Our first tool for dealing with such large amount of data is lossy compression. “Perceptual coding” is the technique used in lossy compression whereby we model the human ear and based on its characteristics are able to sharply reduce the file size with comparatively little loss of fidelity. For example, 128 kbps MP3/AAC/WMA represents an 11:1 compression (1.4/0.128). Inverted, only 9% of the data is kept and the rest is discarded! No matter how much you may be put off by the notion of lossy compression, you have to admire how well it operates given so little data.
I am hoping that you are already familiar with the concept of lossless compression of data. Just about any program you download from the Internet uses lossless compression to reduce its size and hence, speed delivery to your computer. The most common utility that performs this function is “zip.” How does it work? Simply put, instead of having every piece of data represented as fixed number of bits (e.g. 8 bits for each one of the characters in this article), less bits are allocated to most common values (e.g. vowels in the English language) than for less often used values (e.g. letter X in English). Since by definition there are more of the common values, representing them with fewer bits we gain significant level of compression. Actual algorithms are more complex than this but you get the idea.

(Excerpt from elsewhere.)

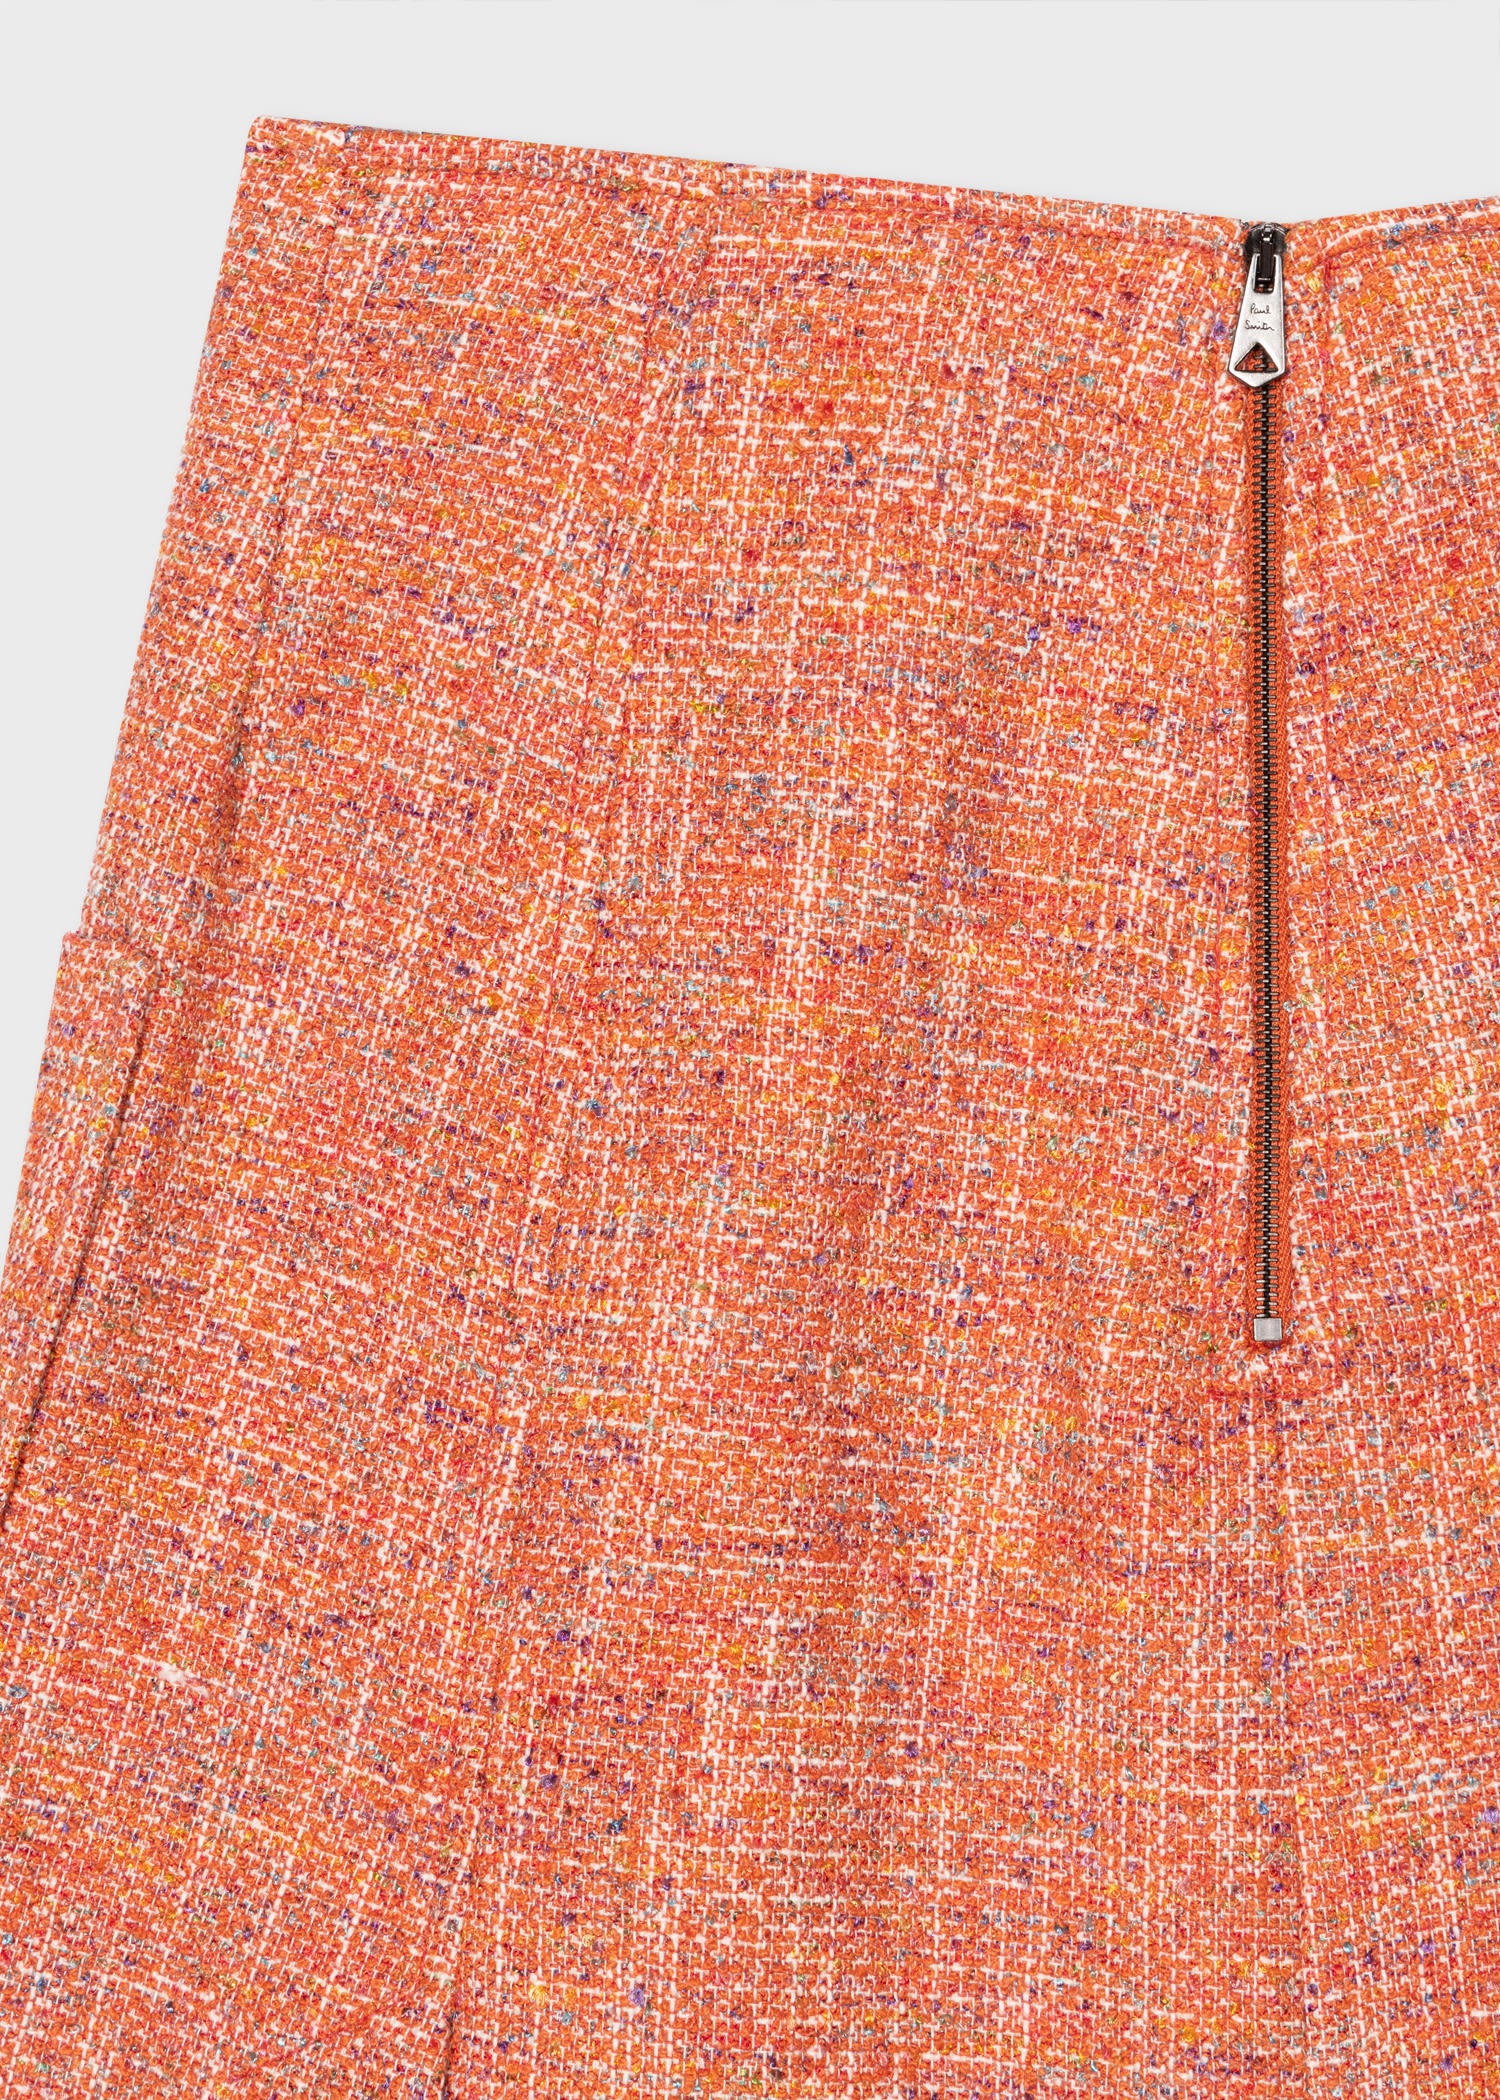 Orange Tweed A-Line Skirt - 2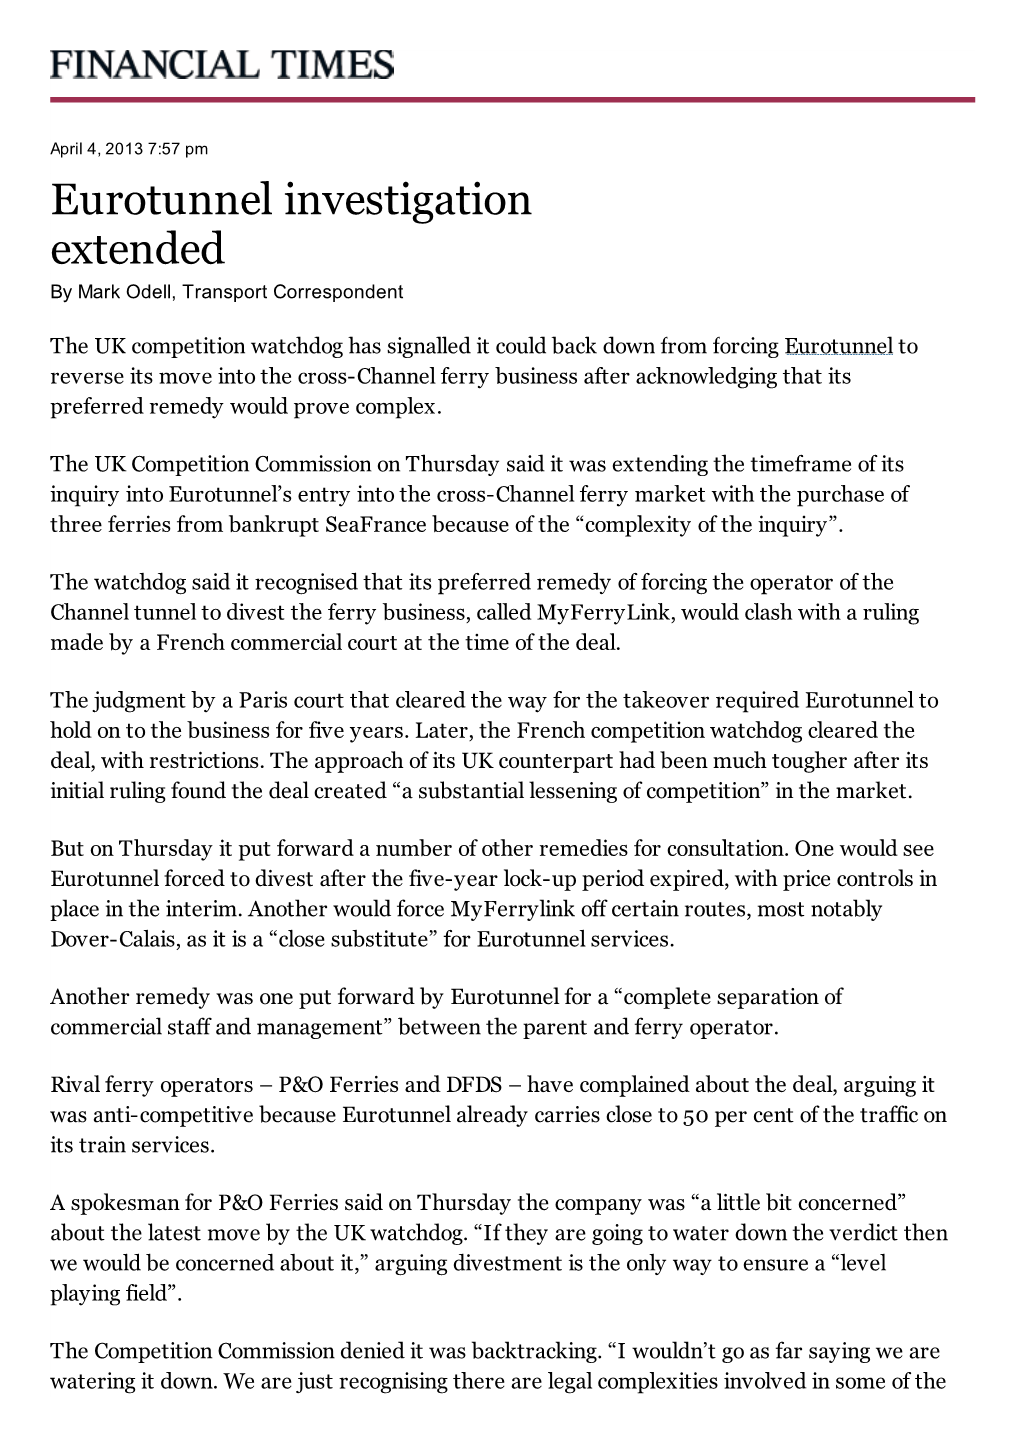 Eurotunnel Investigation Extended by Mark Odell, Transport Correspondent

Alas, zipping techniques do not work with audio. Indeed if you attempt to zip an audio file, its size may even grow rather than shrink! Reason is that audio at first blush is a highly incompressible type of content. The digital samples from a single instrument represent a complex waveform. Combine multiple instruments and vocals and you have something that appears to be a totally random set of numbers with little to no redundancy to remove.
Fortunately by applying some simple mathematics we can extract redundancy that is hidden in the samples. Take the following audio samples for example: 3, 7, 11, 15. If you feed this to the zip program, it sees that the numbers are all different and gives up compressing them. But if we look carefully, we see that each sample is made up of the previous sample plus 4. So instead of storing four numbers, we could simply store the first one and tell the decoder to keep adding 4 to each sample to get the next one in the sequence. In this sense, we would need only two numbers: the initial number “3” and the differential of “4.” The decoder can synthesize the rest of the numbers, giving us 2:1 compression ratio (four numbers becoming two).
The above is a trivial example of what we call “Linear Prediction Coding” or LPC for short. A pretty fancy signal processing term to be sure but fortunately for us, it has its roots in simple algebra. Linear means a set of samples that follow a line. Prediction means that we use the past samples to predict the future ones. You can see how I used both of these aspects in my above example. I assumed the samples were on a line and that the only thing that separated them was an offset. If you remember your college math, this is a form of “curve fitting.” I am trying to find a curve (a line in this scenario) that matches the sequence of numbers.
Of course I cheated in my example by assuming the decoder already knew the shape of the line and that the samples kept going that way forever. Real life is much more complex than that. Numbers may follow a line more or less but not precisely. In the above examples, samples could be 3, 9, 13, and 15. In this case, the lossless compressor still pretends that they line up perfectly. But it also keeps track of the “error” from the perfect line. In would still generate the initial value “3” and increment of “4” but it also has to transmit the error that would be generated by following the straight line. The “residual error” in this example would be “2” for the second sample, “0” for the third, and “-1” for the last.
The residual error values must be transmitted to the receiver efficiently. Fortunately a technique called “Rice coding” (honest, that is what is called !), is used to compress those error values efficiently. Reason is that mathematically we can show that error values have a favorable distribution and hence can be compressed efficiently.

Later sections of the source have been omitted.